-- DATA PROVIDED follows --

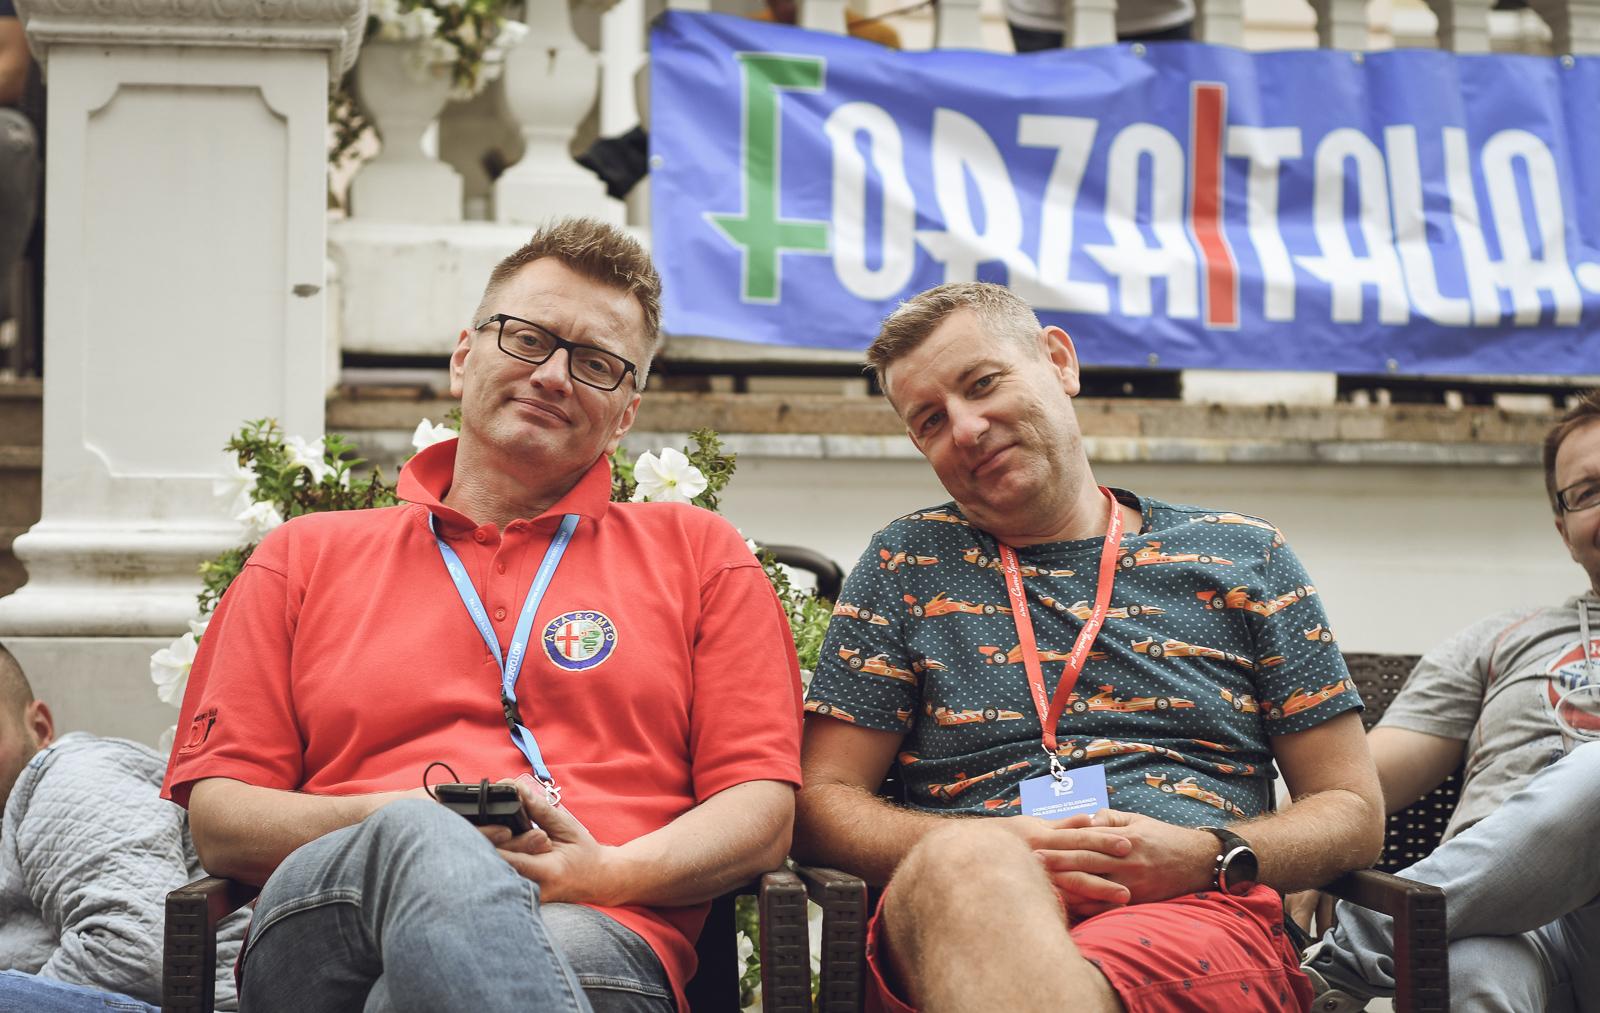 Concorso d'Eleganza ForzaIatalia.pl 2018
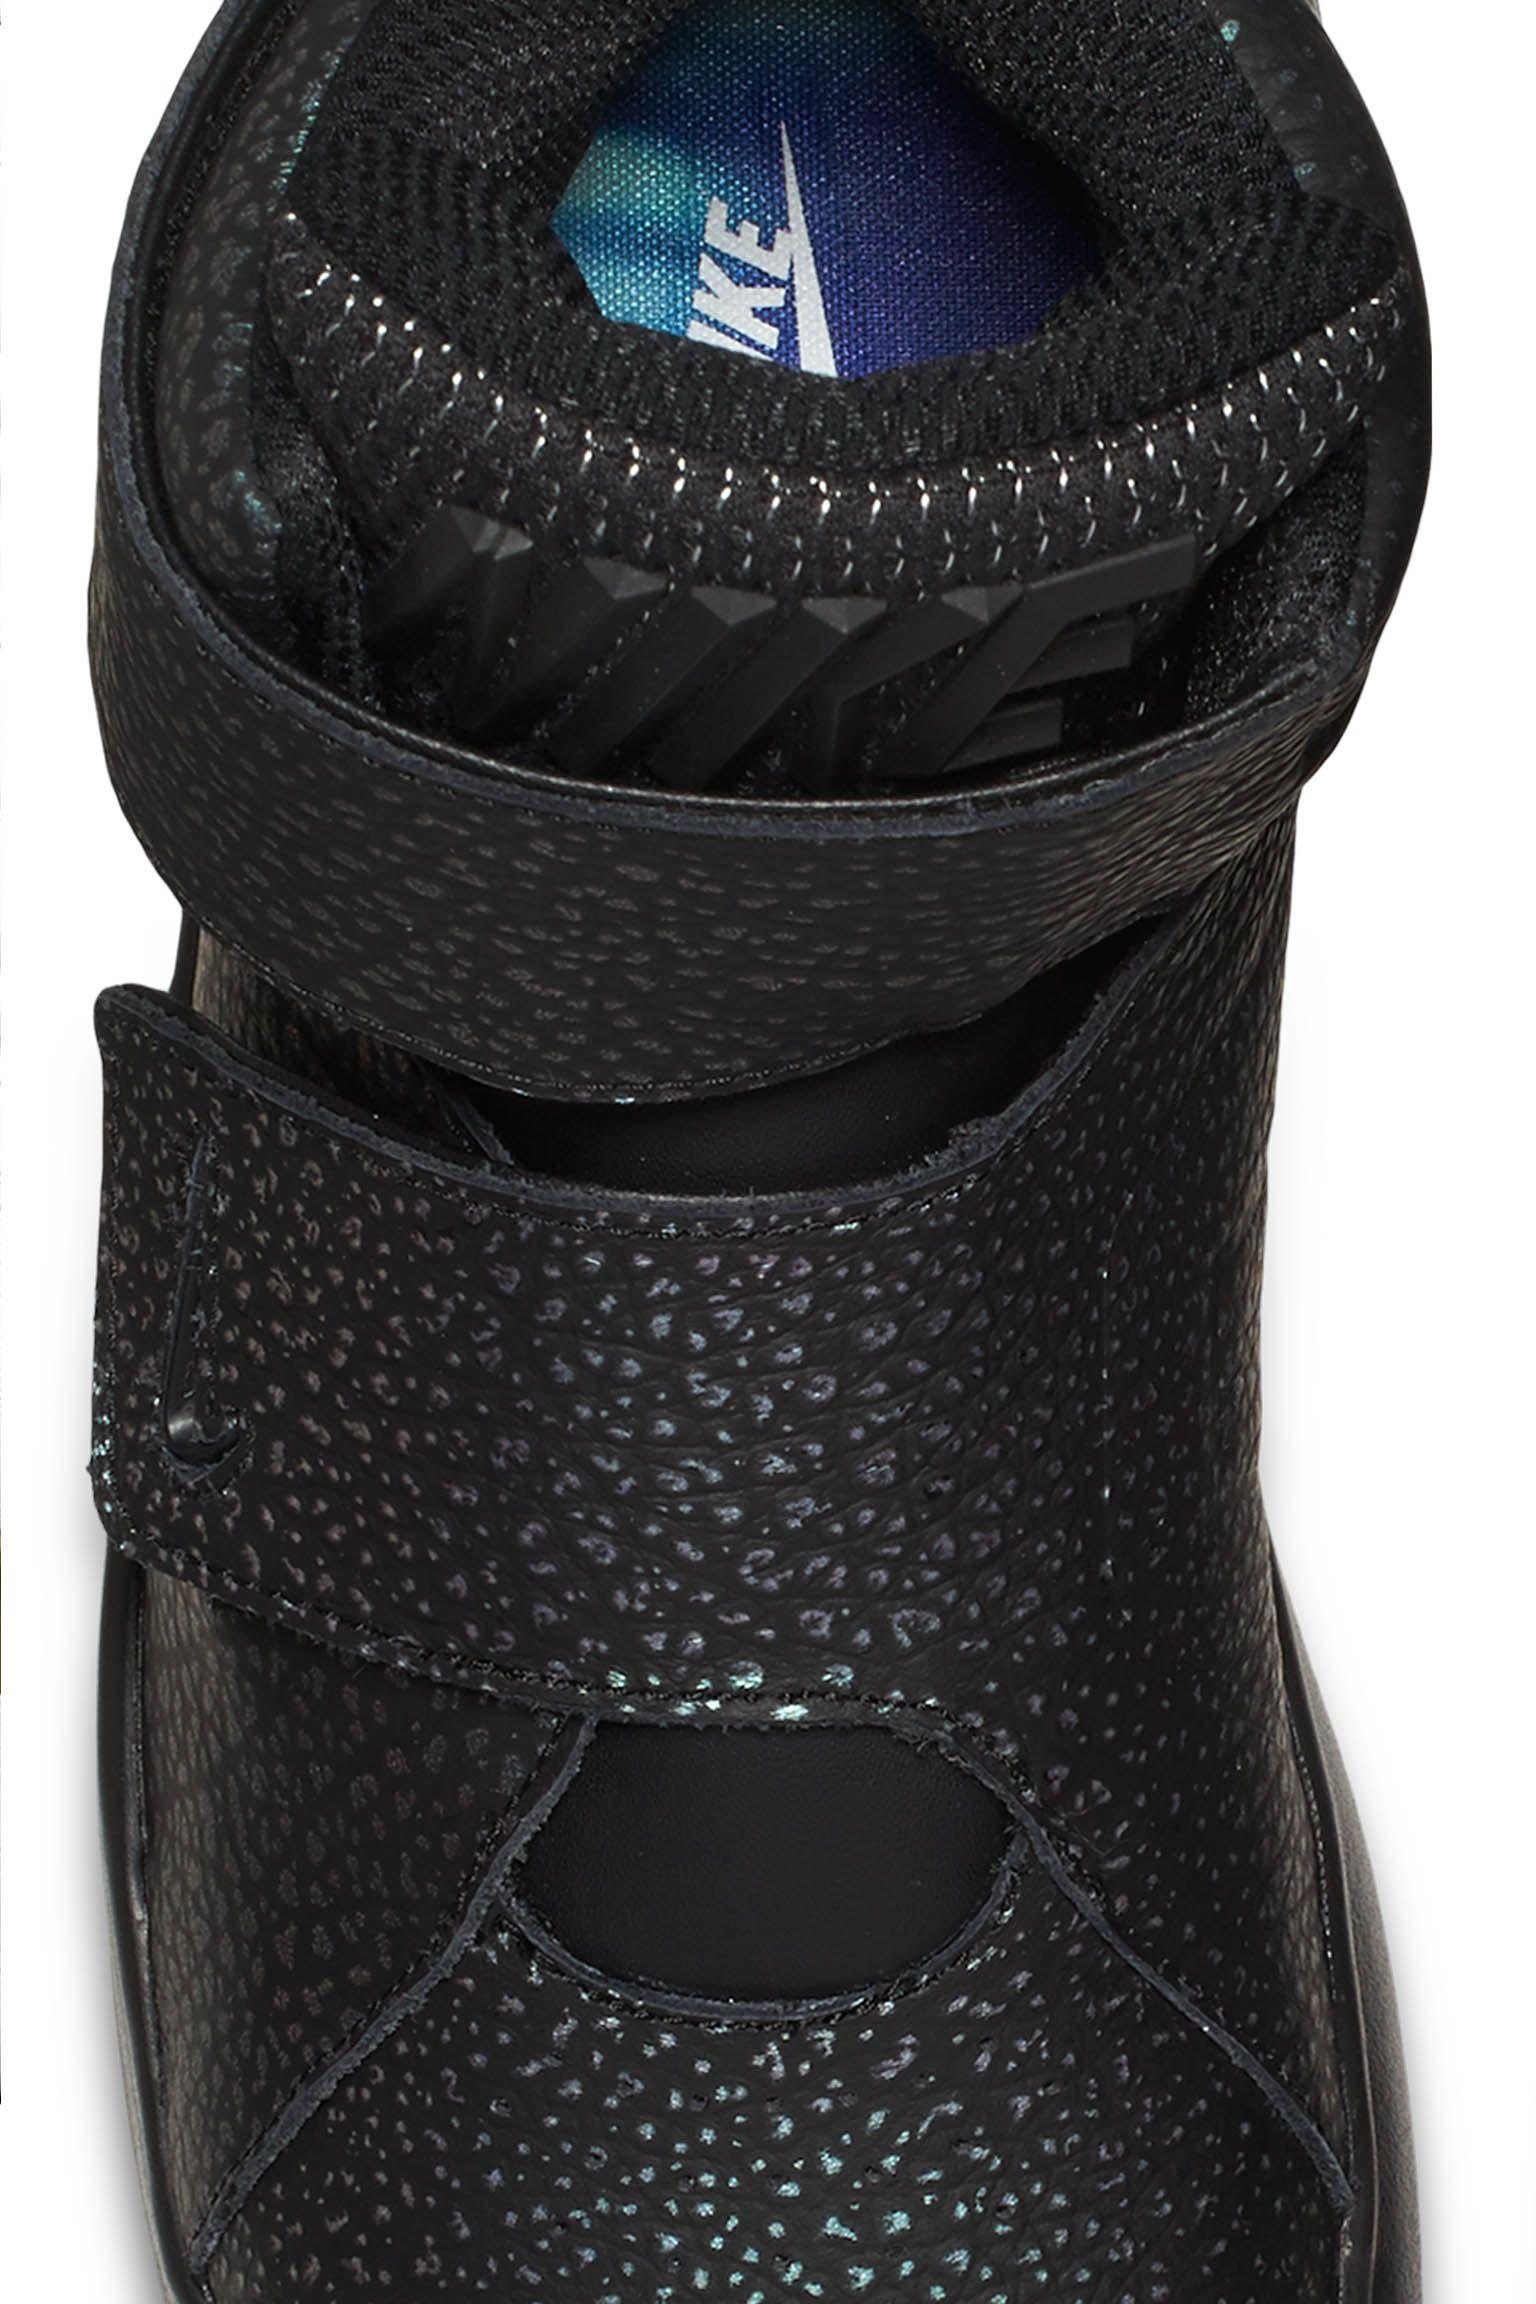 Nike Marxman 'Triple Black' Release Date
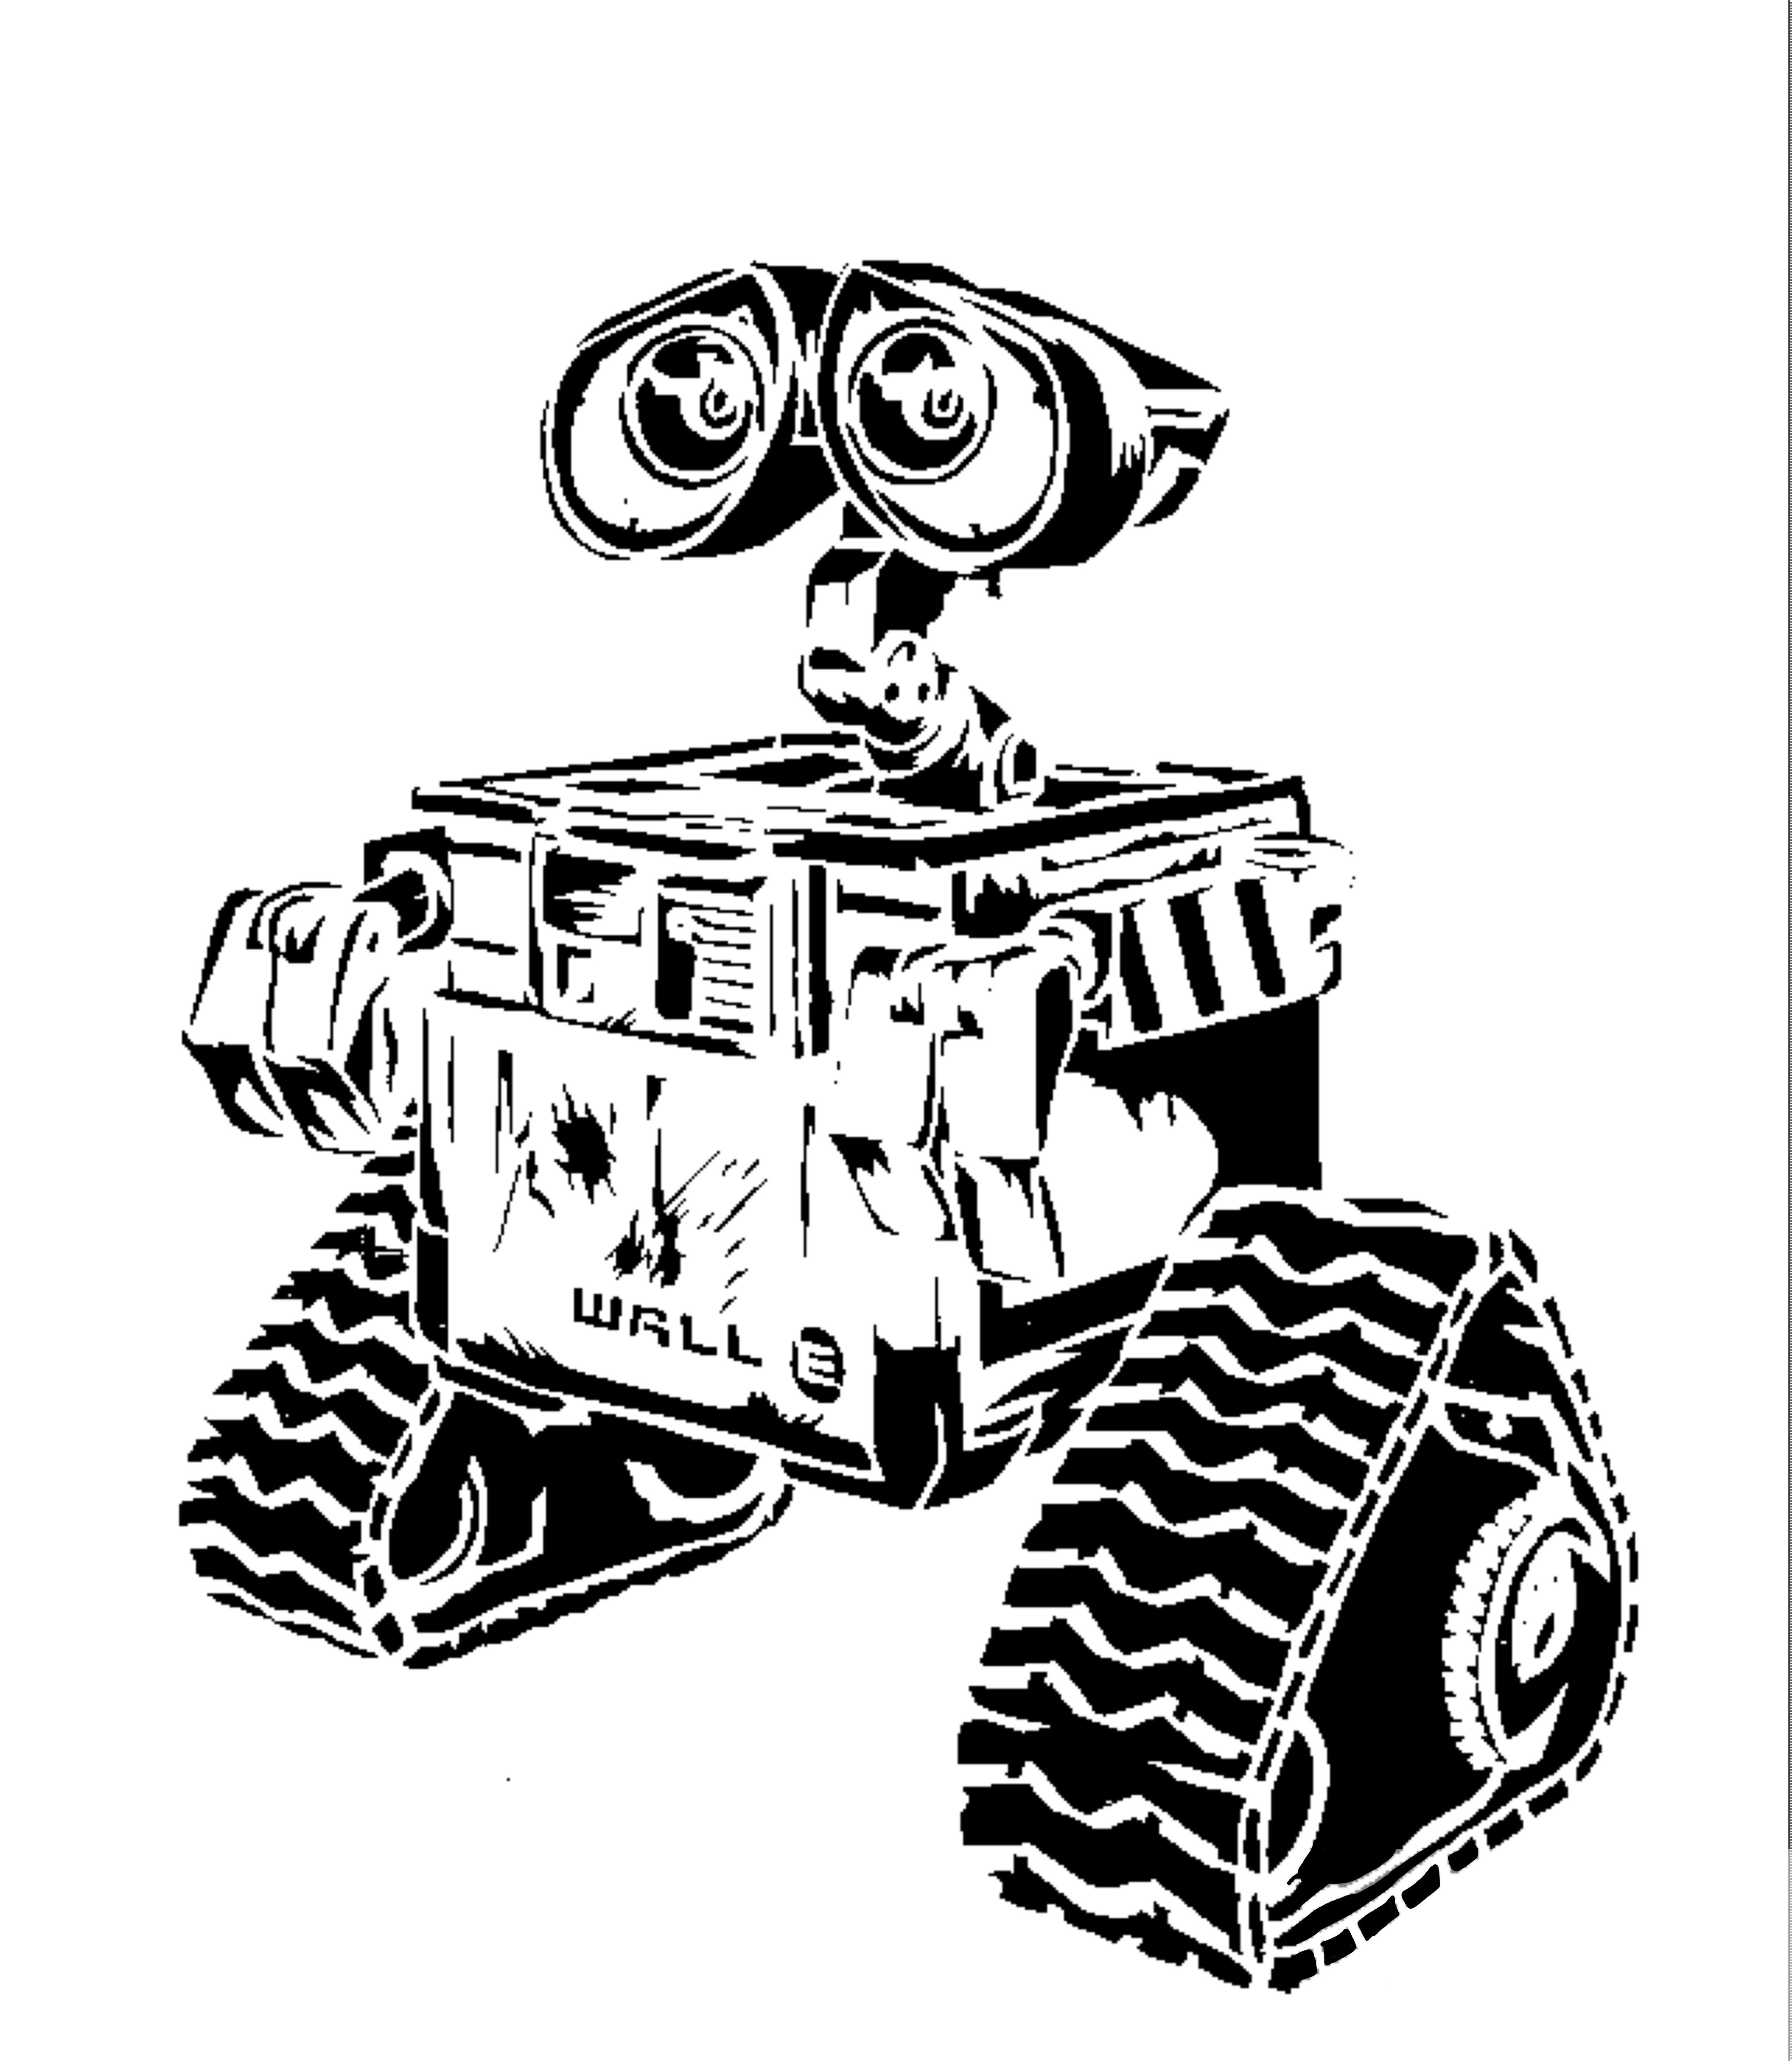 Wall-E stencil

-- DATA PROVIDED concluded --

◆ EXERCISE DIRECTIONS: Word-for-word restatement: every line from the one with "Nike Marxman 'Triple Black' Release Date" through the final line of the data, both ends included, pictures excluded.

◆ EXERCISE RESPONSE:
 Nike Marxman 'Triple Black' Release Date
 Wall-E stencil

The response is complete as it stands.